Horse slaughter plant brings mixed feelings in Iowa


Responsible Transportation, a new horse slaughter plant in Sigourney, was supposed to open this week, but a lawsuit put a stop to that.

The lawsuit alleges the Department of Agriculture failed to do proper environmental studies before issuing permits to these businesses.

Clarence and Jean Rouse have been horse owners since the early 1970's, and in that time have owned a number of horses.

"I suppose 25 or so," said Clarence Rouse.

A year ago, the Rouses owned a horse they loved very much.

"She had a broken pelvis, so we tried to do acupuncture," said Rouse.

But she kept getting worse, they said, so they had to put her down. They said, if they had the decision, they would have brought her to slaughter.

"Somebody could have gotten some use out of her that way and everything, instead of just burying her," said Rouse.

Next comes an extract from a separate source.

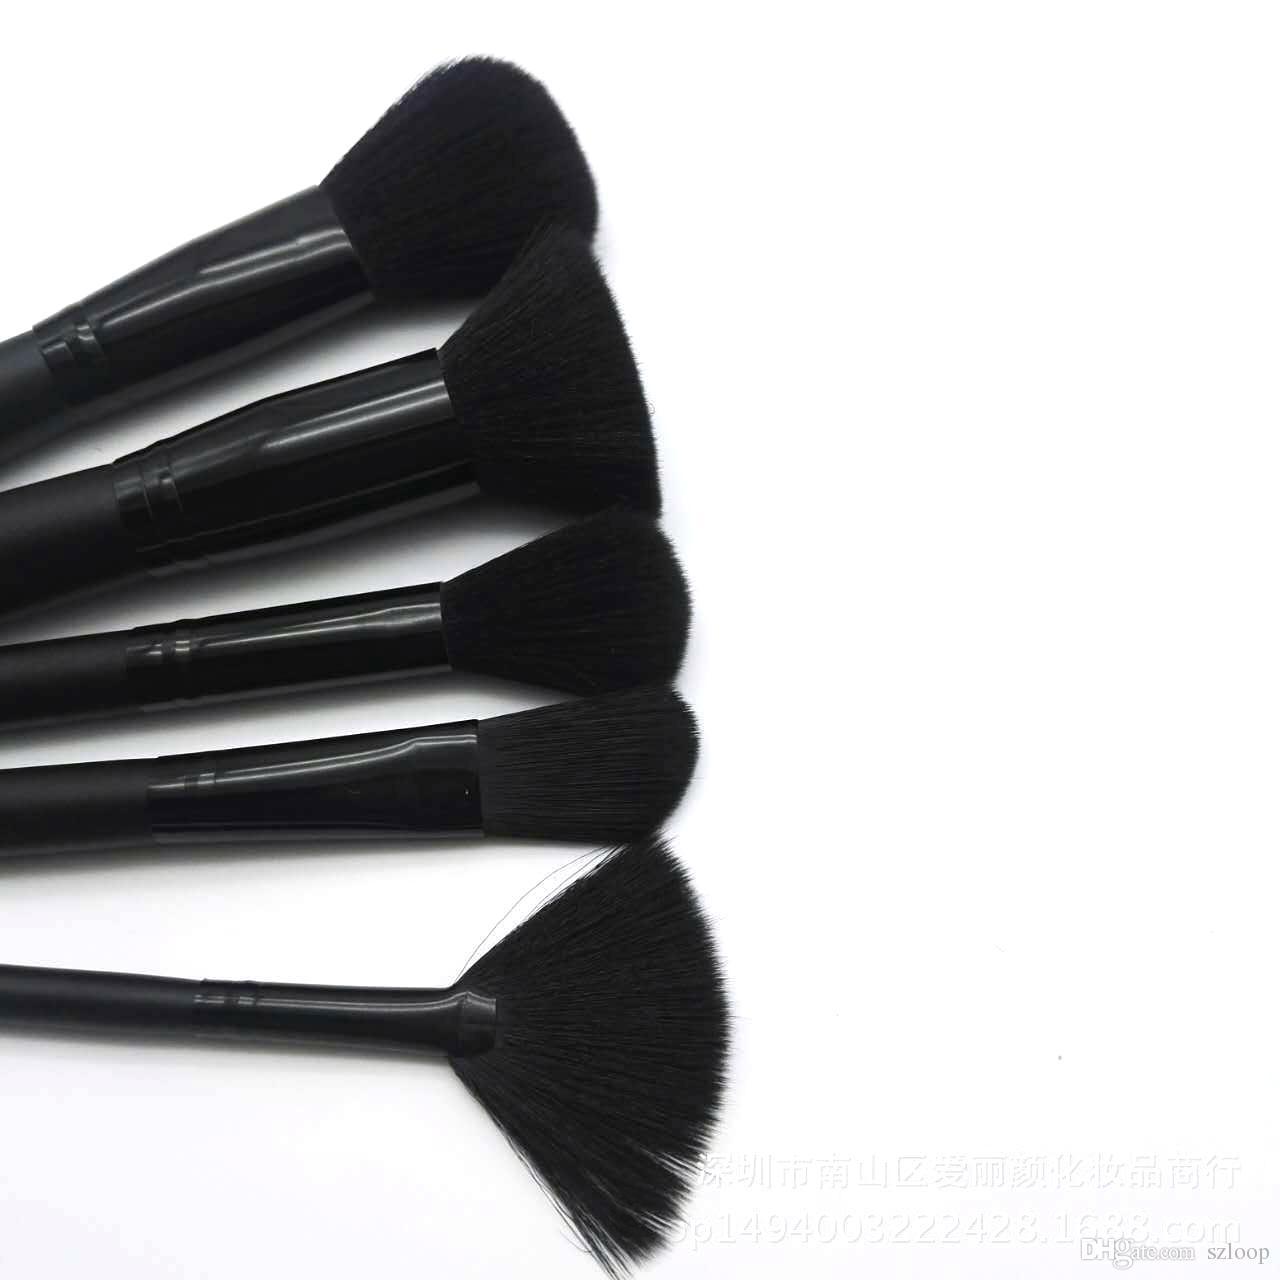 مؤسسة / مجموعة ELF بنية فرشاة مجموعة كريم الوجه السلطة فرش متعددة الأغراض أداة الجمال مستحضرات التجميل مجموعة فرش 3001085
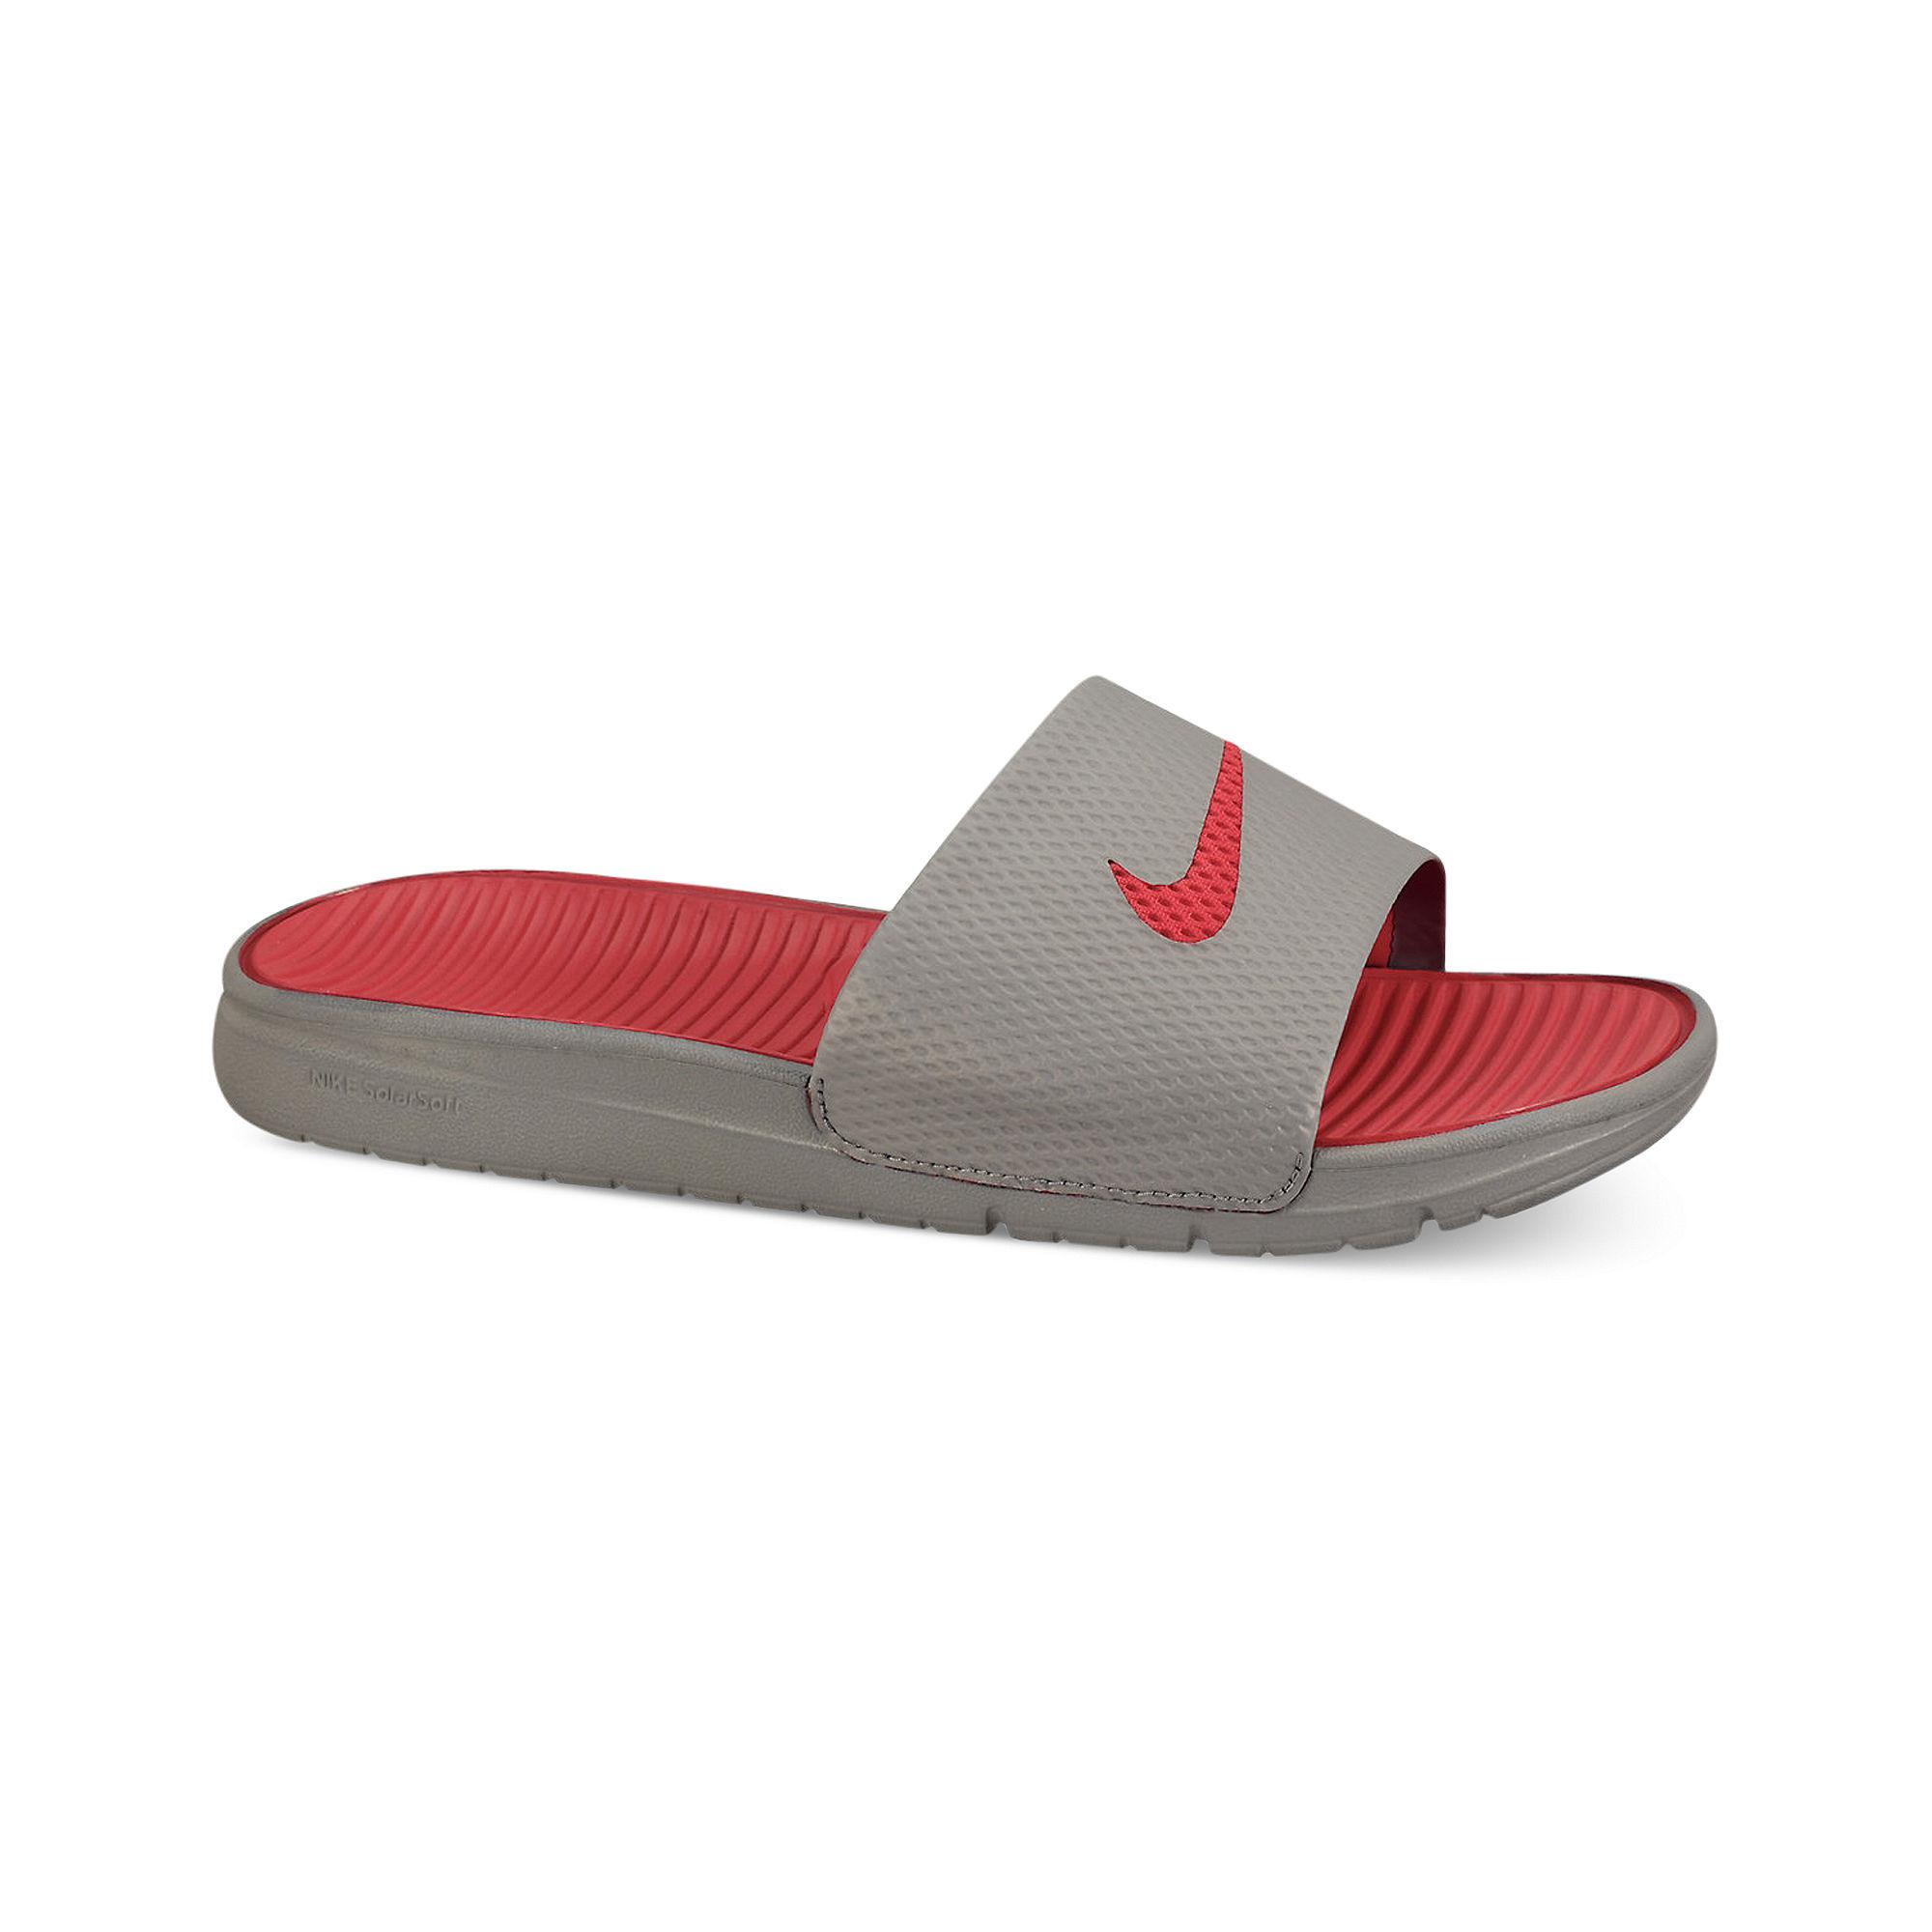 a78d4382f36 Lyst - Nike Benassi Solarsoft Slides in Gray for Men

"We love our horses, but I think we need an option for the horses that are not capable of doing what horses usually do," said Jean Rouse.

Responsible Transportation was set to open in Iowa this week, but is now at a standstill. The company could not be reached for comment.

According to their website, they say they "strive to add value to the unwanted horse population by removing the financial burden placed on owners and creating jobs."

Opponents to the opening of the plant say they are concerned about the humane treatment of the animals.

"In my opinion, I think, to kind of throw a switch at the end of their useful life and then sell them off for slaughter is -- I think we own them a more dignified end than that," said Bernie Lettington with the Iowa Federation of Humane Societies.

Lettington says he is also concerned about the food safety aspect to the business. He says horses aren't raised for food like cattle and hogs are.

As for the Rouses, they say more horses are getting neglected on the farm, so the option is a good thing to have.

"Maybe you're a vegan that thinks no animal should be eaten. A horse, to me, is not different than a hog or sheep or cow," said Jean Rouse. "It's an animal that we can make use out of, but we can also love them while they are part of our family."

Another hearing is scheduled for Monday.

The opening of the plant would mark the first time that horses were slaughtered for meat in the United States since 2006.